HOW TO COMPLETE THIS TASK: In the copy, include all of the listing exactly and none of its pictures.

DATA SECTION:

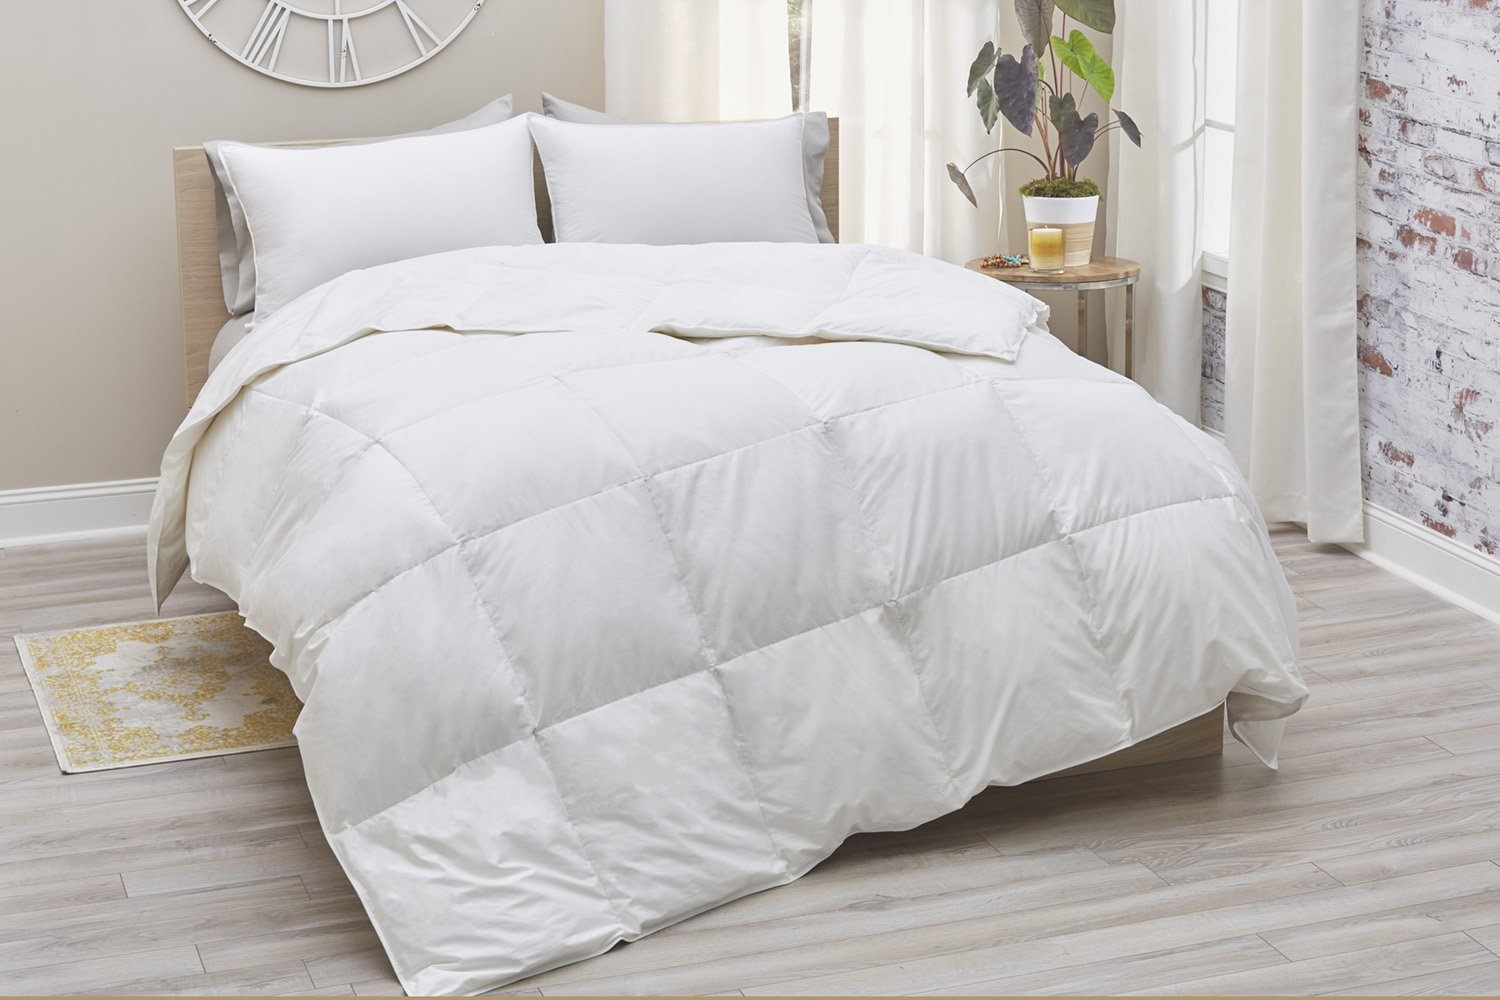 PlushBed Pure White Goose Down Comforter
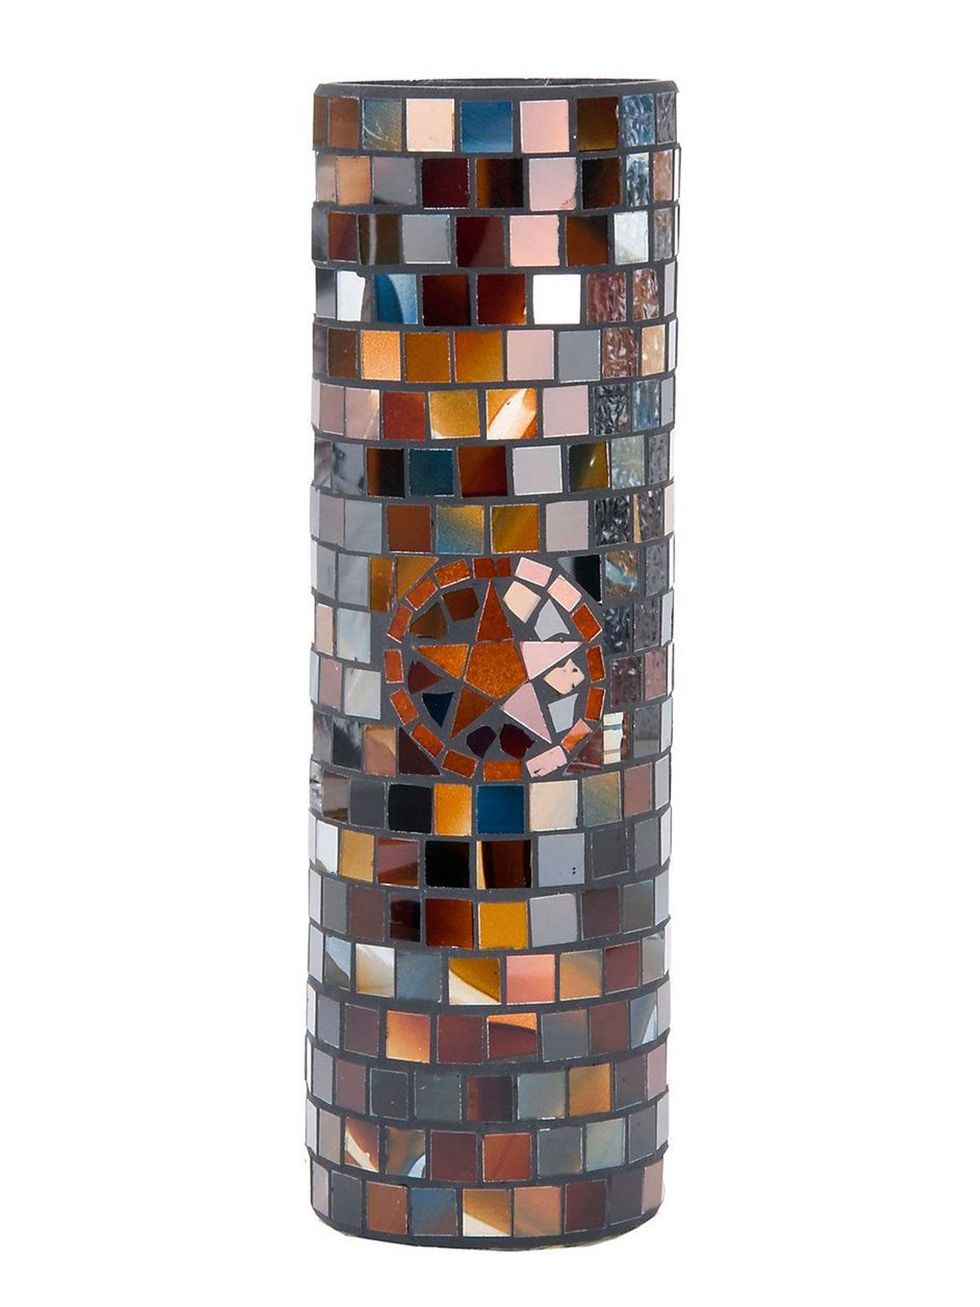 Rodeo Quick Fix March 2014 M&F Western Products Mosaic Star Tall Candle Vase
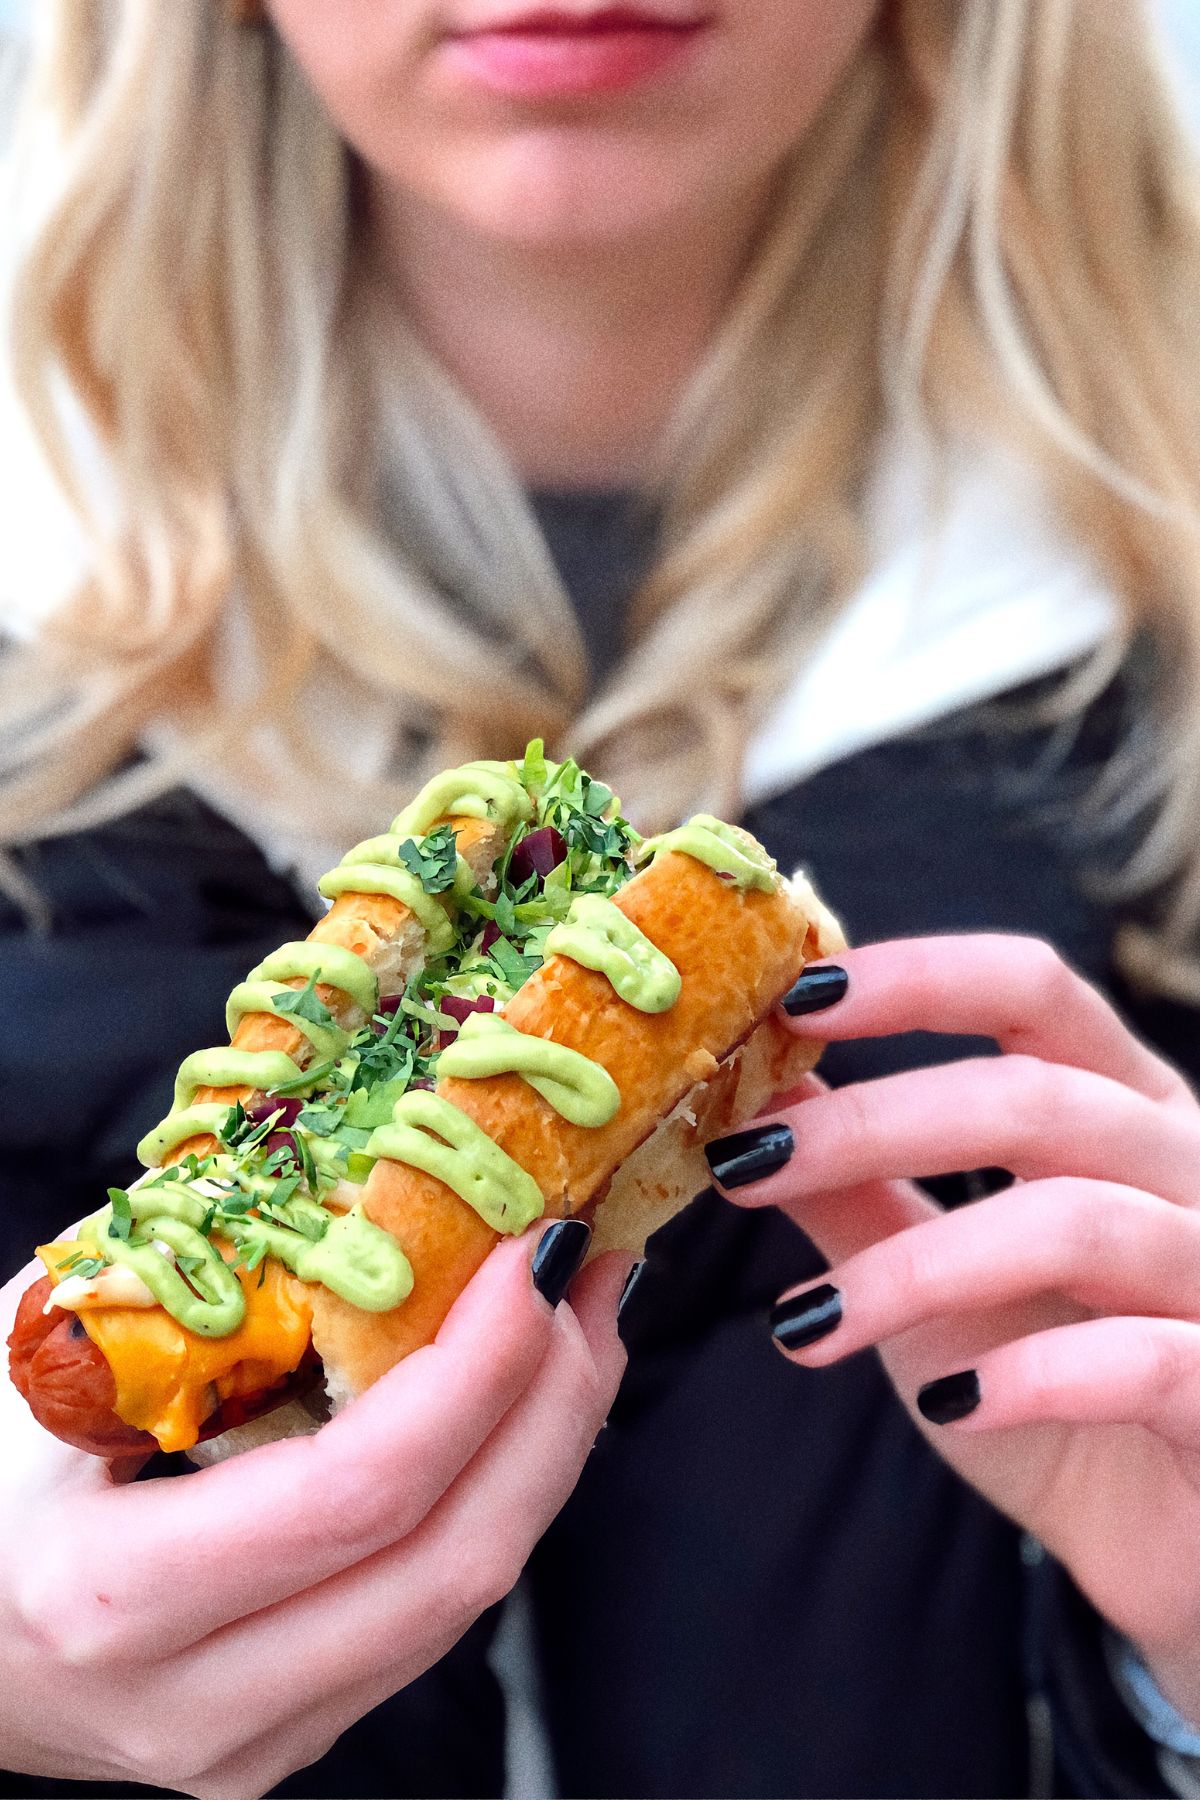 A blond girl is eating a specialty hot dog.

RESULT:
 PlushBed Pure White Goose Down Comforter
 Rodeo Quick Fix March 2014 M&F Western Products Mosaic Star Tall Candle Vase
 A blond girl is eating a specialty hot dog.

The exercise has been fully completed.